IRA BASEN:
“Follow the money”: Watergate, the sponsorship scandal and the press
CBC News Viewpoint | April 18, 2005 | More from Ira Basen
Ira Basen joined CBC Radio in 1984 and was senior producer at Sunday Morning and Quirks and Quarks. Among his other accomplishments include his involvement in the creation of three network programs The Inside Track (1985), This Morning (1997) and Workology (2001). He has also written for Saturday Night, The Globe and Mail and The Walrus. He has taught at the University of Toronto and Ryerson. He is a co-author of the Canadian edition of The Book of Lists, which will be published by Knopf in November 2005. His book on public relations and the media will be published by Penguin Books in 2006.
"But if these allegations are true … then the Liberal Party of Canada in Quebec may have been complicit in an extensive and ongoing fraud. And that is worse than the famous 1972 break-in at the campaign headquarters of the U.S. Democratic Party."

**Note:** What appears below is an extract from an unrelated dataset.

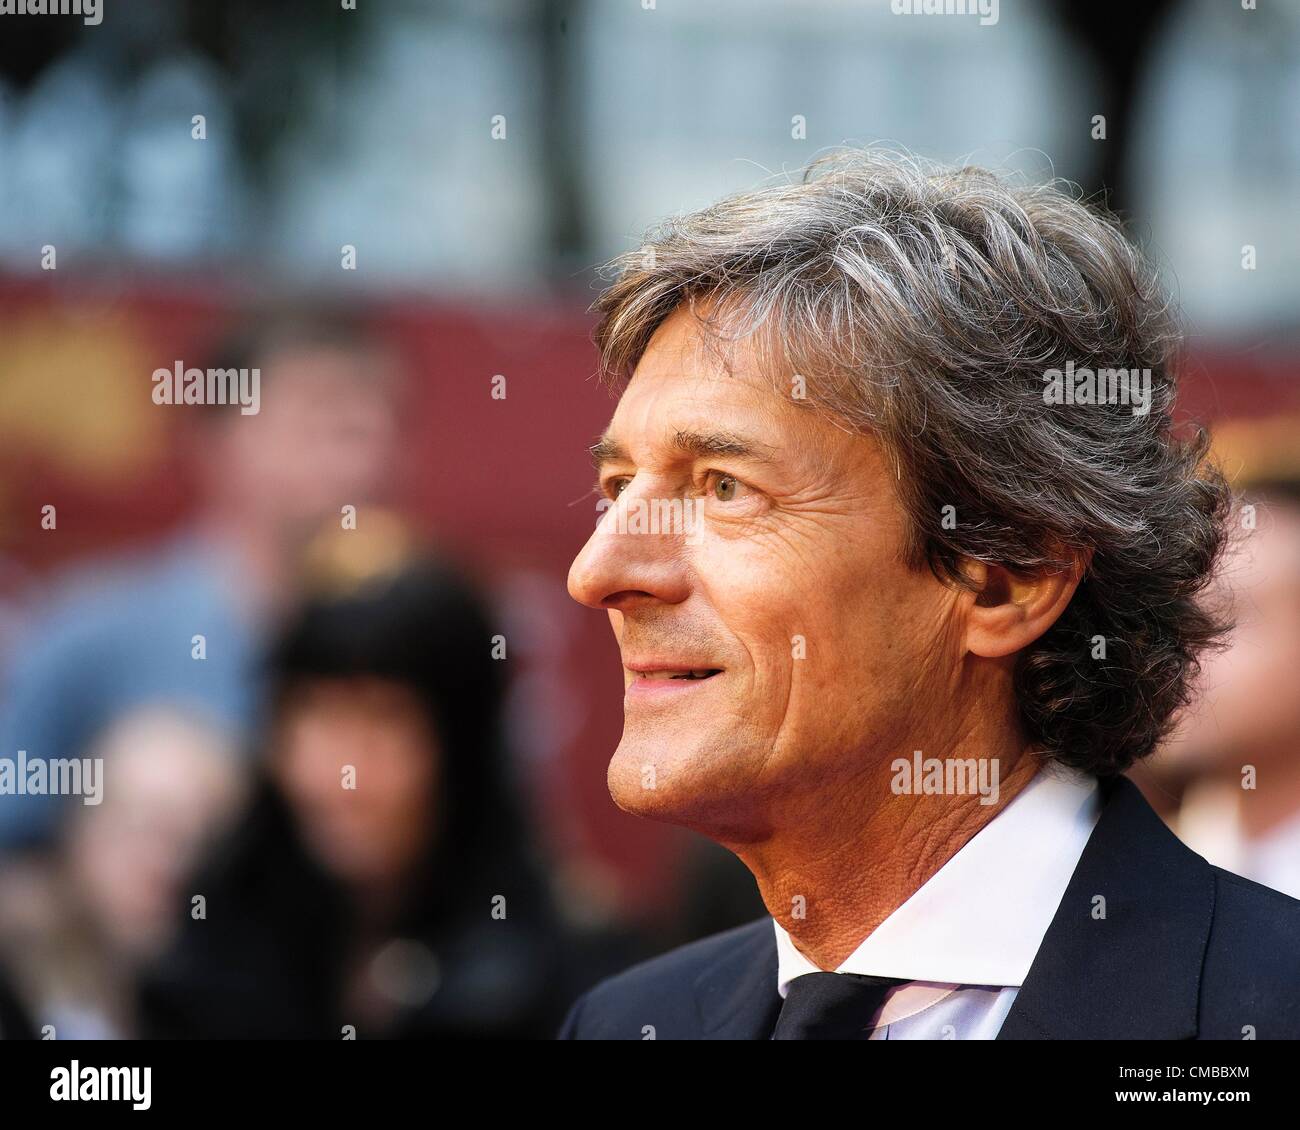 Nigel Havers attends the Great British Premiere of Chariots of Fire on 10/07/2012 at The Empire, Leicester Square, London. Based on a true story, Chariots of Fire was the winner of four Academy Awards®, including Best Picture and Best Original Screenplay.. Persons pictured: Nigel Havers. Picture by Julie Edwards Stock Photo

John Ibbitson - The Globe and Mail - April 8, 2005
"The dam protecting federal Liberals from the disclosure of their party's ugly past had been breached and Canada's Watergate spilled out."
Don Martin - The National Post - April 8, 2005
"The Smoking Gun"
Globe and Mail headline - April 8, 2005
"Now, Mr. Justice John Gomery's exposure of a scandal finally worthy of the title of Canada's Watergate is accelerating political time to light-speed."
James Travers - The Toronto Star - April 7, 2005
Could these esteemed journalists be right? Do we "finally" have a scandal worthy of the title "Canada's Watergate"? Does this mean that Canadian reporters and columnists will now stop using the word "gate" every time some new example of malfeasance is uncovered? (Remember Tunagate, Strippergate, Shawinigate etc.?) And could the sponsorship scandal really be even "worse" than Watergate?
It is probably inevitable that any whiff of political corruption would conjure up images of Watergate. It was, after all, the granddaddy of all modern-day scandals. But the current efforts to compare the sponsorship mess to Watergate are not convincing.
Watergate was much more than the "third-rate burglary" that the Nixon administration tried to paint it as. The break-in at the Democratic headquarters was simply the last in a long series of illegal and covert actions that included the use of various government agencies to cover up crimes and shut down investigations.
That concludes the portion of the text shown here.